_The problem_
Exclude the pictures, and otherwise reproduce the data in full.

_Information supplied_
-- Opening Marker --

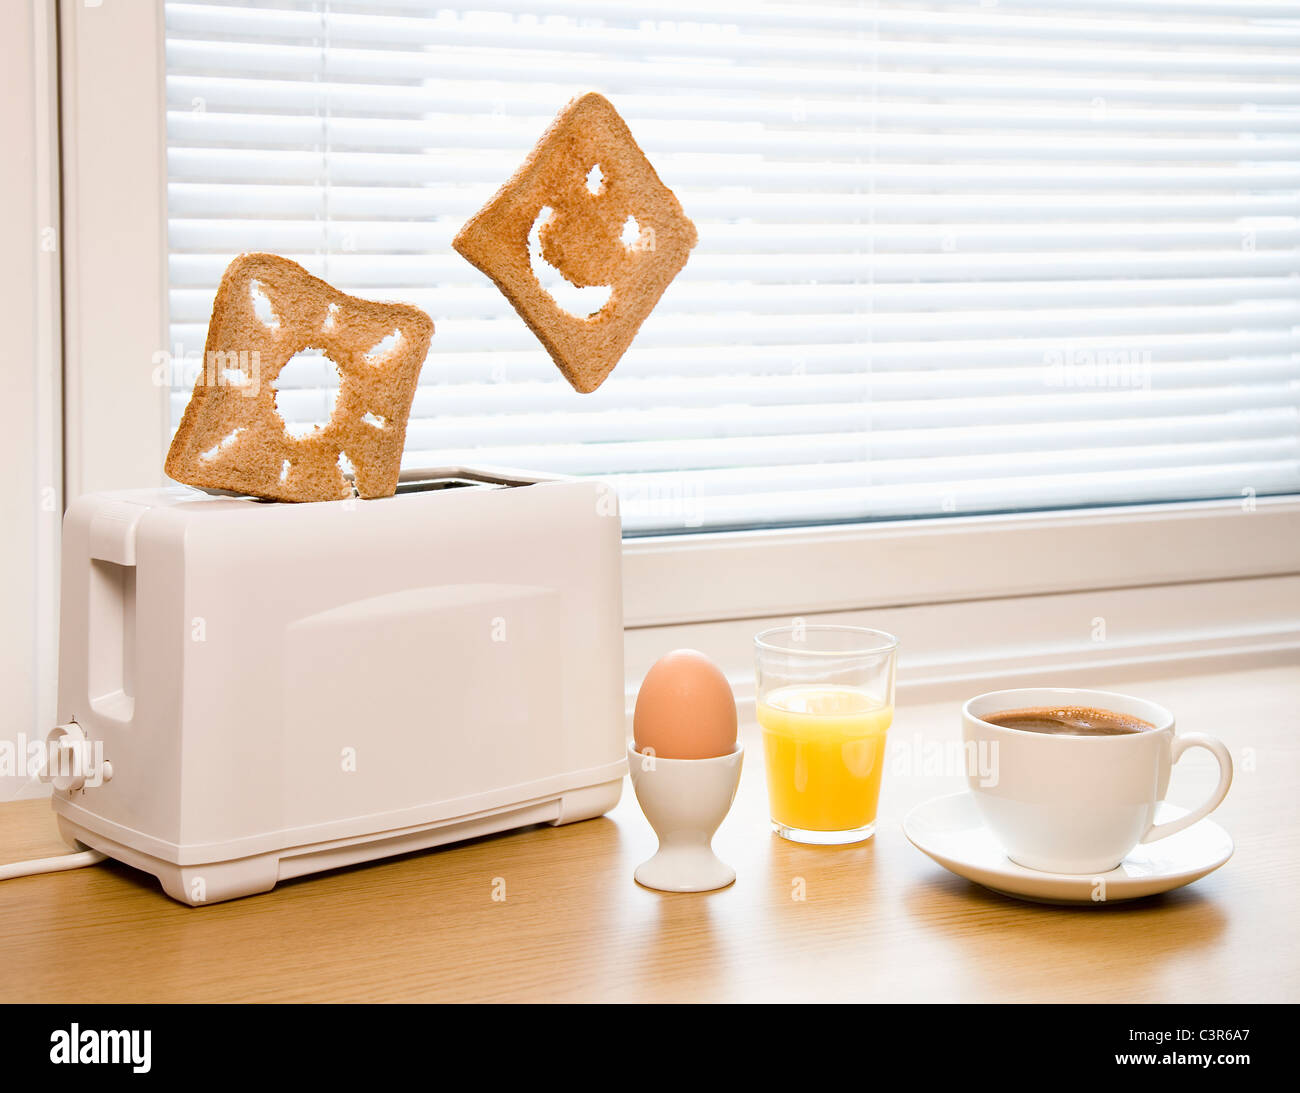 Le petit-déjeuner avec du pain grillé et sun smiley Banque D'Images
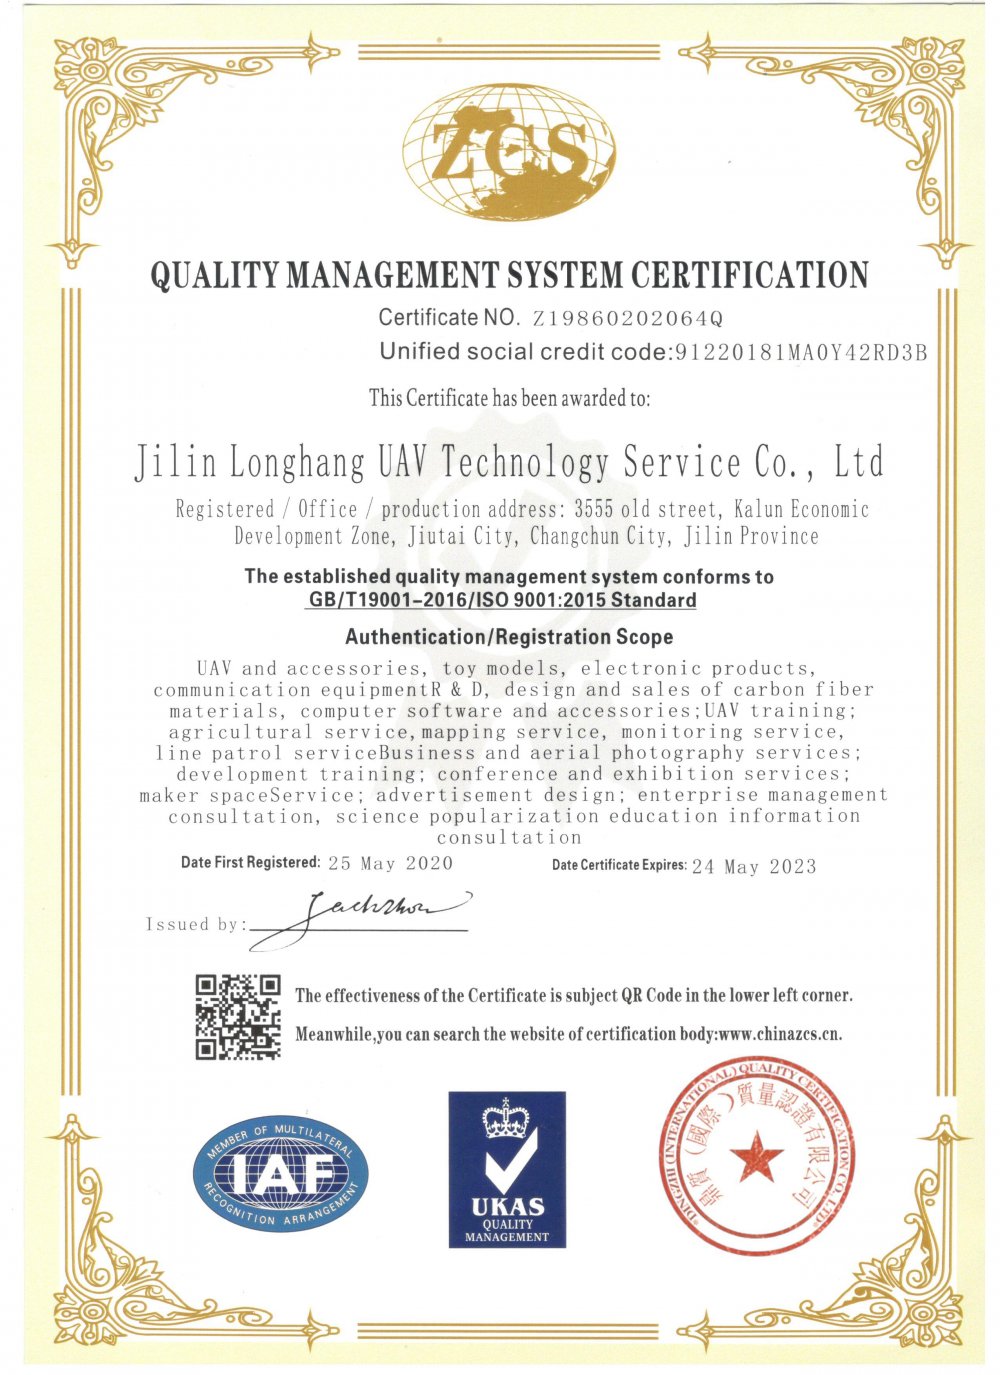 质量管理体系认证证书-英文版.jpg
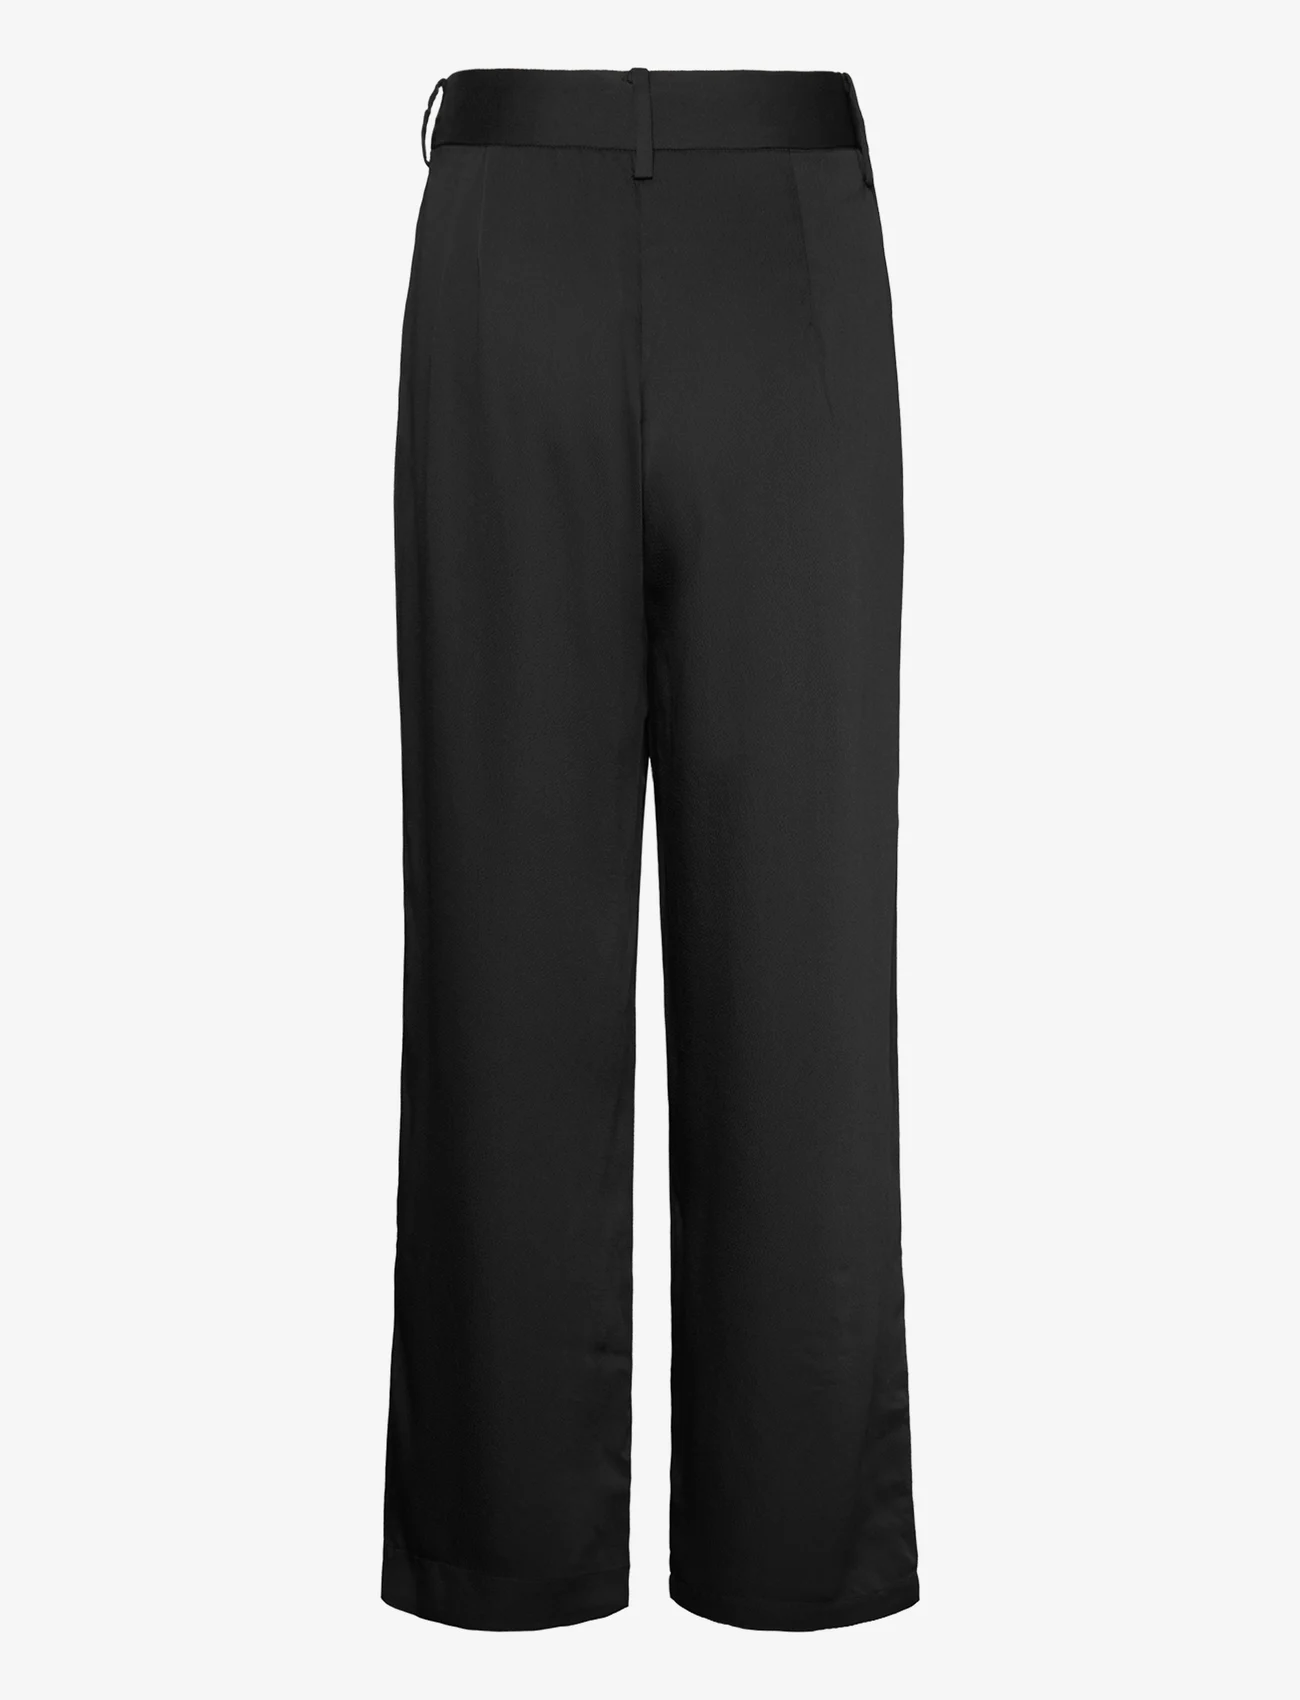 Bruuns Bazaar - CedarsBBCella pants - uitlopende broeken - black - 1

-- Closing Marker --

_Worked solution_
 Le petit-déjeuner avec du pain grillé et sun smiley Banque D'Images
 质量管理体系认证证书-英文版.jpg
 Bruuns Bazaar - CedarsBBCella pants - uitlopende broeken - black - 1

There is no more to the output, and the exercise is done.